Segment Start: Collected data
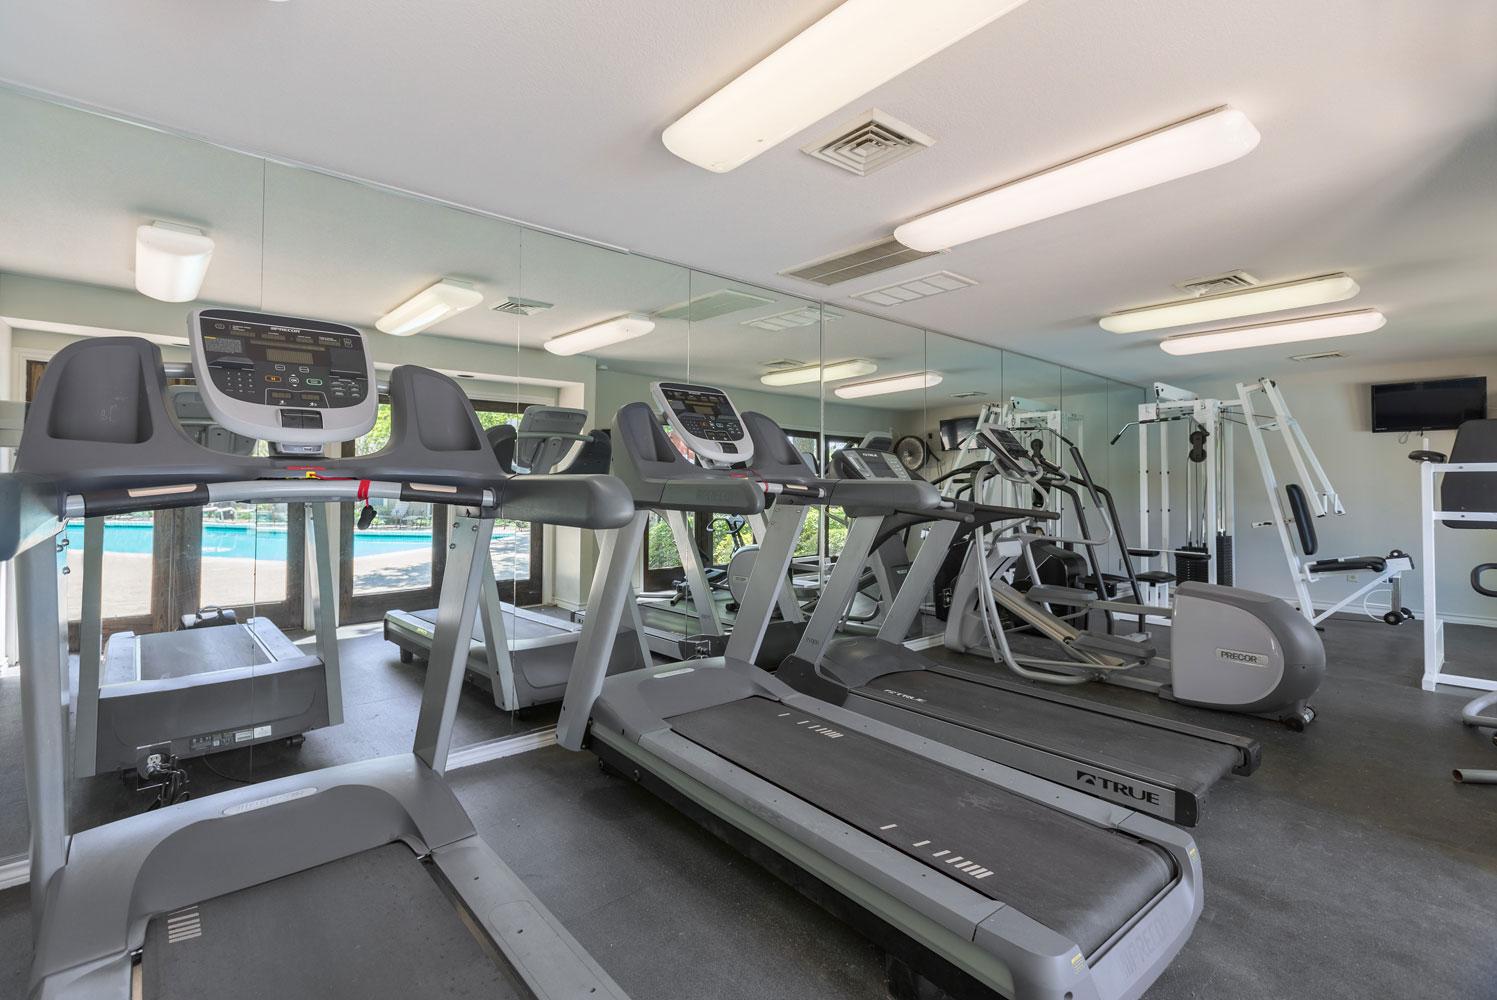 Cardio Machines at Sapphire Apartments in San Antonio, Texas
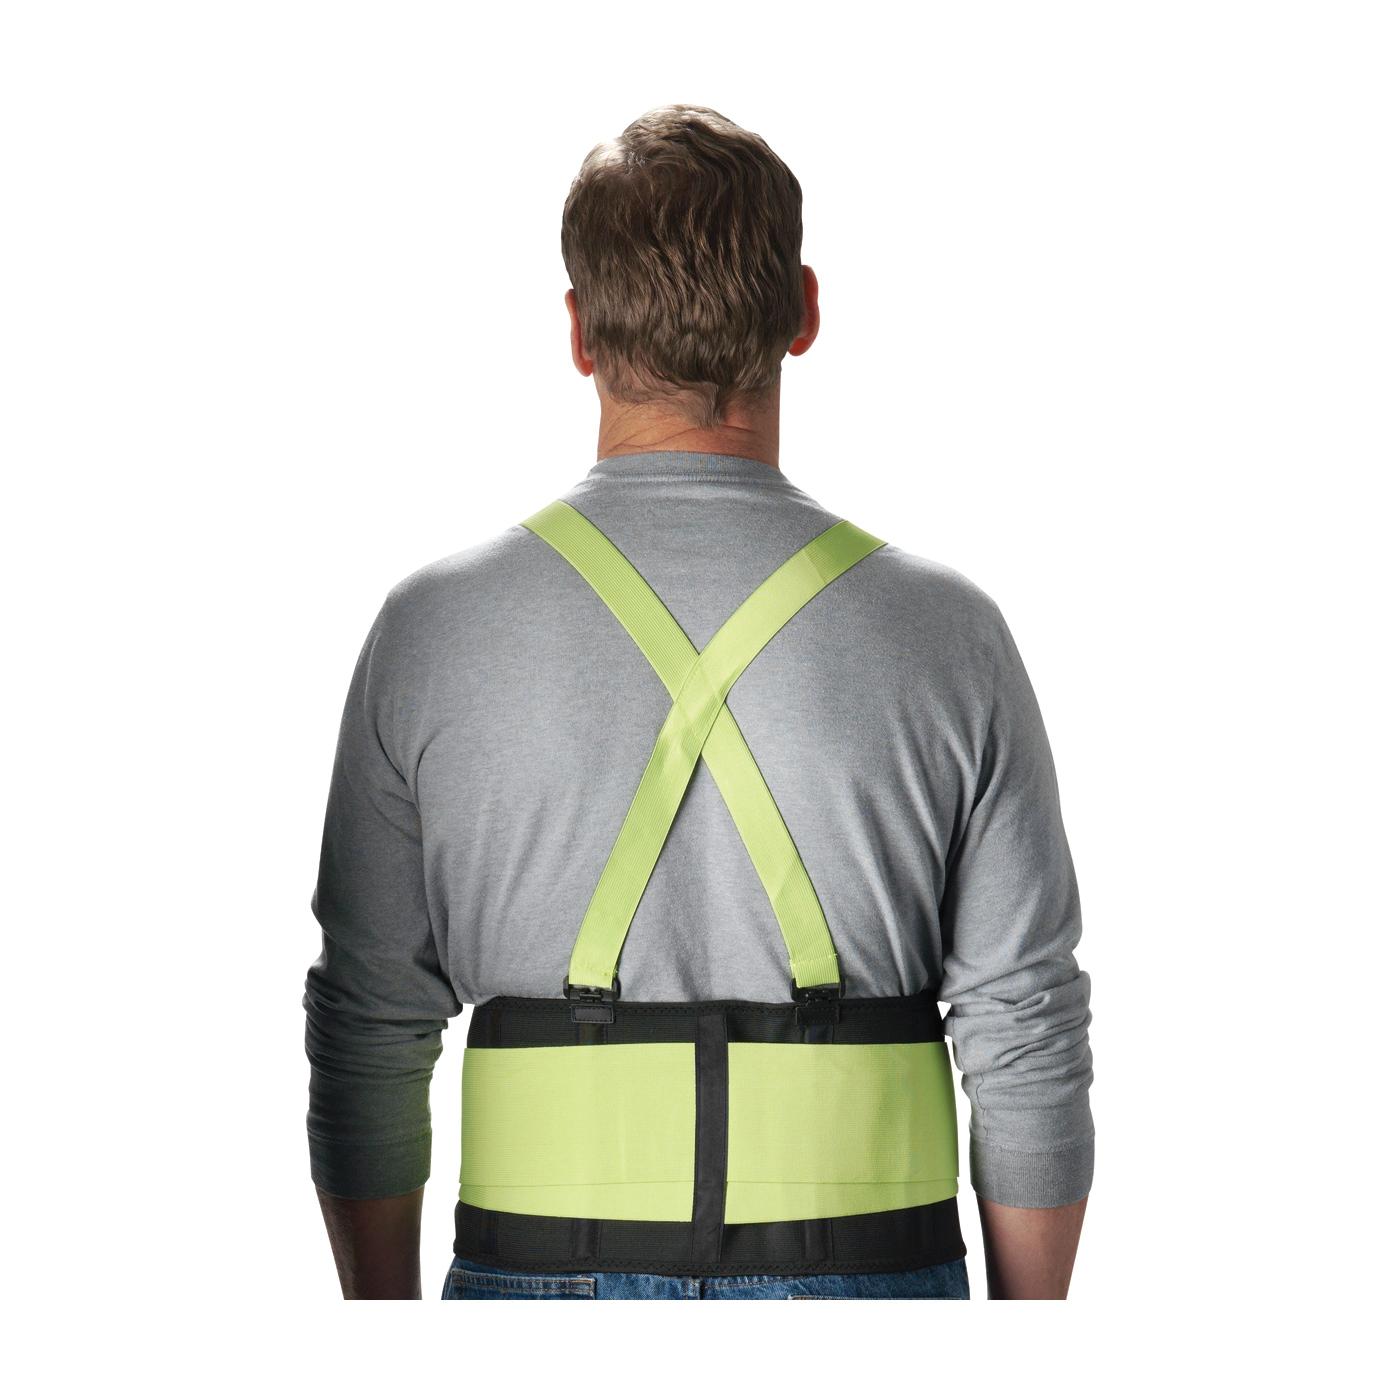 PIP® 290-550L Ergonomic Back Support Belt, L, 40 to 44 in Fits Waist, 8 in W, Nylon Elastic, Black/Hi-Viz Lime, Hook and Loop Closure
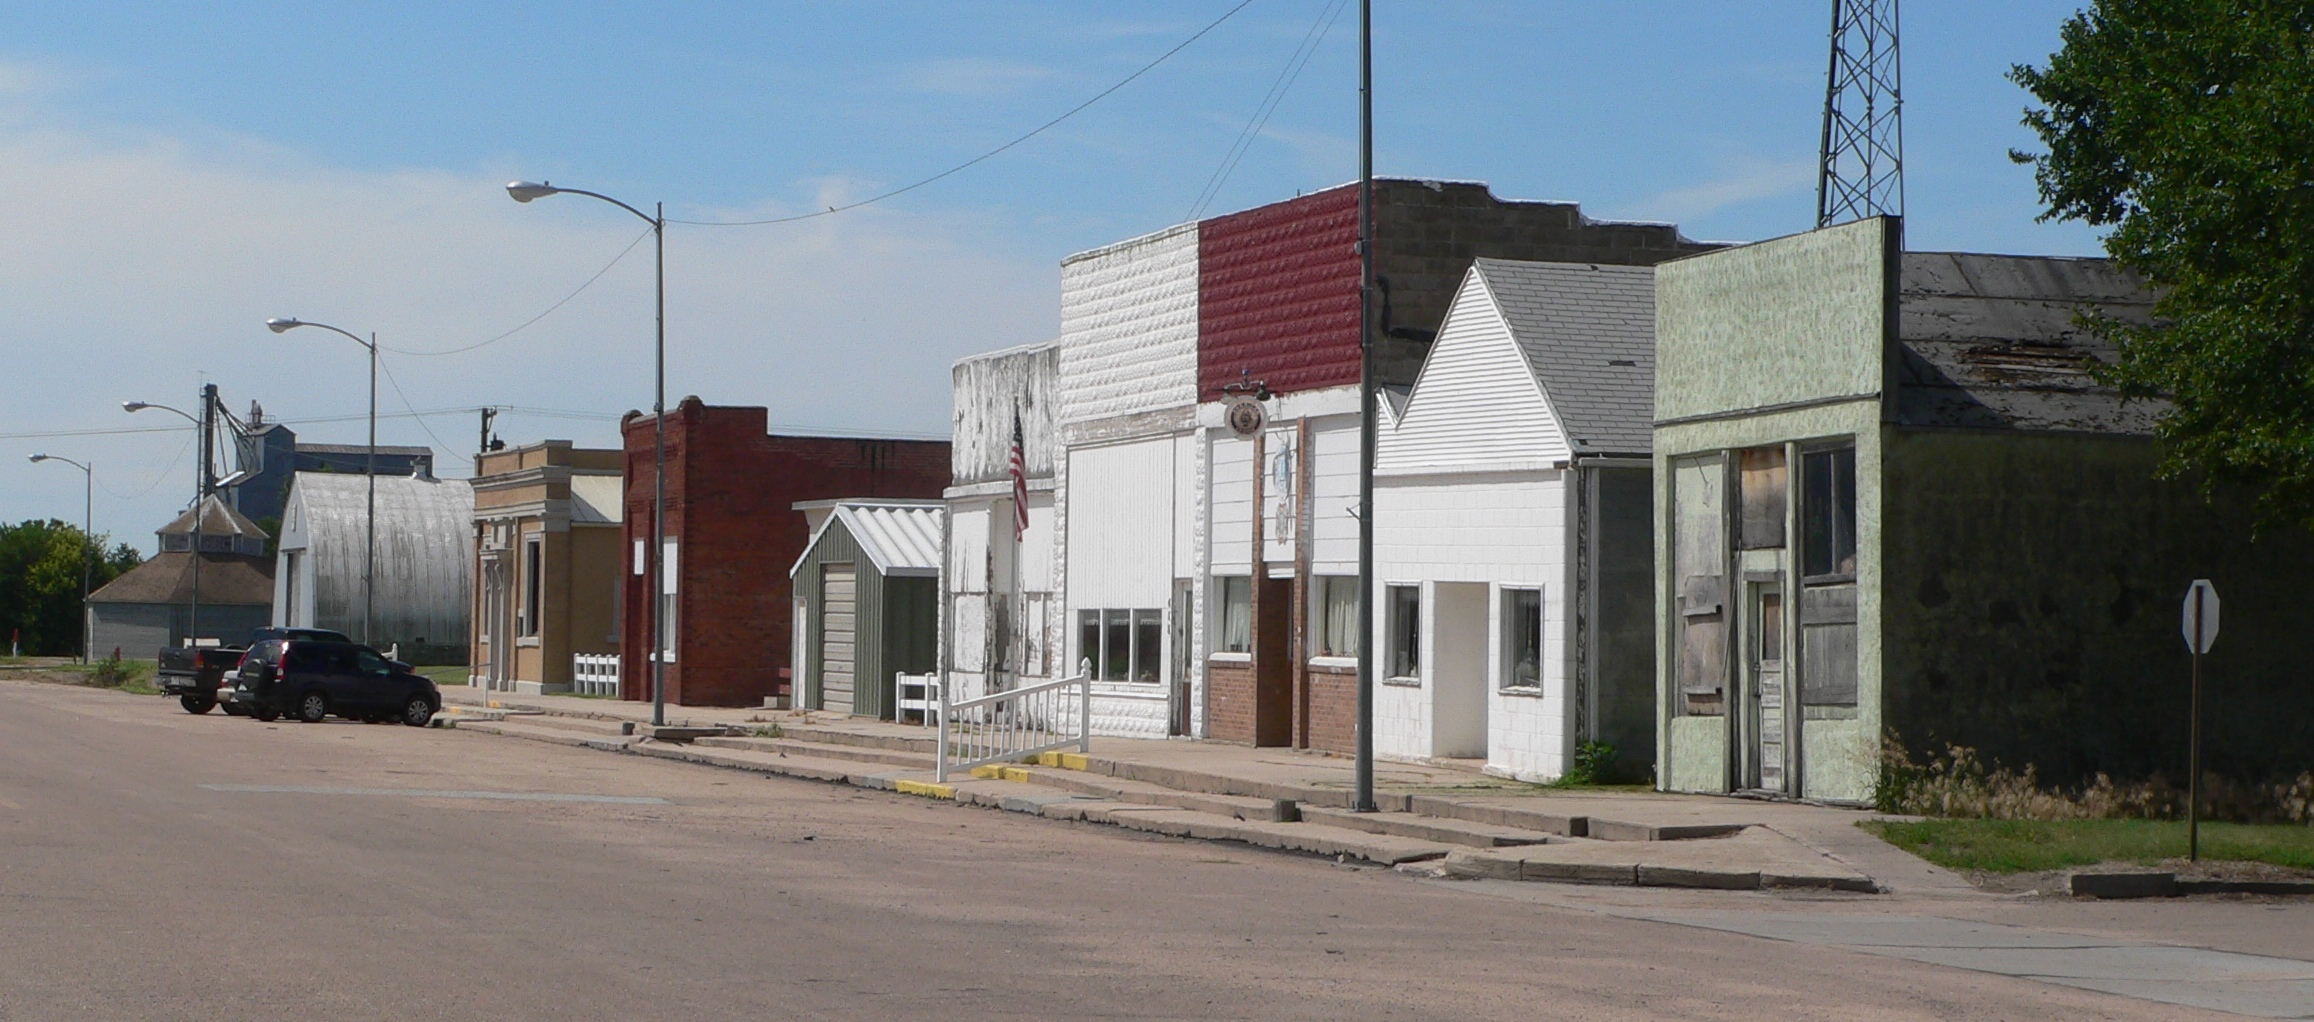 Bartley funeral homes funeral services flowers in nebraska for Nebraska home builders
Segment End: Collected data
Exercise requirements: The output should be the material above, copied exactly, without its pictures.

Problem solution:
 Cardio Machines at Sapphire Apartments in San Antonio, Texas
 PIP® 290-550L Ergonomic Back Support Belt, L, 40 to 44 in Fits Waist, 8 in W, Nylon Elastic, Black/Hi-Viz Lime, Hook and Loop Closure
 Bartley funeral homes funeral services flowers in nebraska for Nebraska home builders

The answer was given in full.